While a 4th Circuit panel considers the challenge to Forsyth County, NC's practice of opening council meetings with sectarian prayer, one of the issues they will be pondering is whether an open policy with no oversight really does lead in practice to invocations that are offensive and undermine religious liberty principles. One of the 3 judges in particular seemed skeptical that one rude minister, offering one troubling prayer, should invalidate an entire policy.
I wonder if he will hear news of what happened in Minnesota on Friday, when a controversial minister opened the state house's session with an invocation that left representatives from both parties scrambling to apologize . House Republicans spent an hour trying to figure out how to proceed, ultimately offering up a re-do, with a chaplain willing to say a more appropriately inclusive prayer.
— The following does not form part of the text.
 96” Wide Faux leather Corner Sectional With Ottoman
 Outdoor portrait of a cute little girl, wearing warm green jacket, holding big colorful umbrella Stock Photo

Salon has video of the prayer and reports on some of the immediate fallout:
The Republican Speaker of the House, Kurt Zellers, was quick to denounce [Bradlee] Dean's remarks, telling his House colleagues: "Members, I can only ask for your forgiveness. That type of person will never ever be allowed on this House floor again as long as I have the honor of serving as speaker.”
How is he going to keep that promise? At least in this case, it is already the policy of the Minnesota House that invocations be non-sectarian, a rule that Dean purposely and directly violated. Wouldn't a policy that actively encourages specific faiths to be uplifted offer even more problems?
Better, and safer still, would be an approach that ends the practice of government prayer altogether. Just because it's legislative prayer is constitutional under certain circumstances doesn't mean it's a good idea. Let's allow ministers to pray as exclusively as they want, but not give them the government's podium and microphone to stand behind while they do it.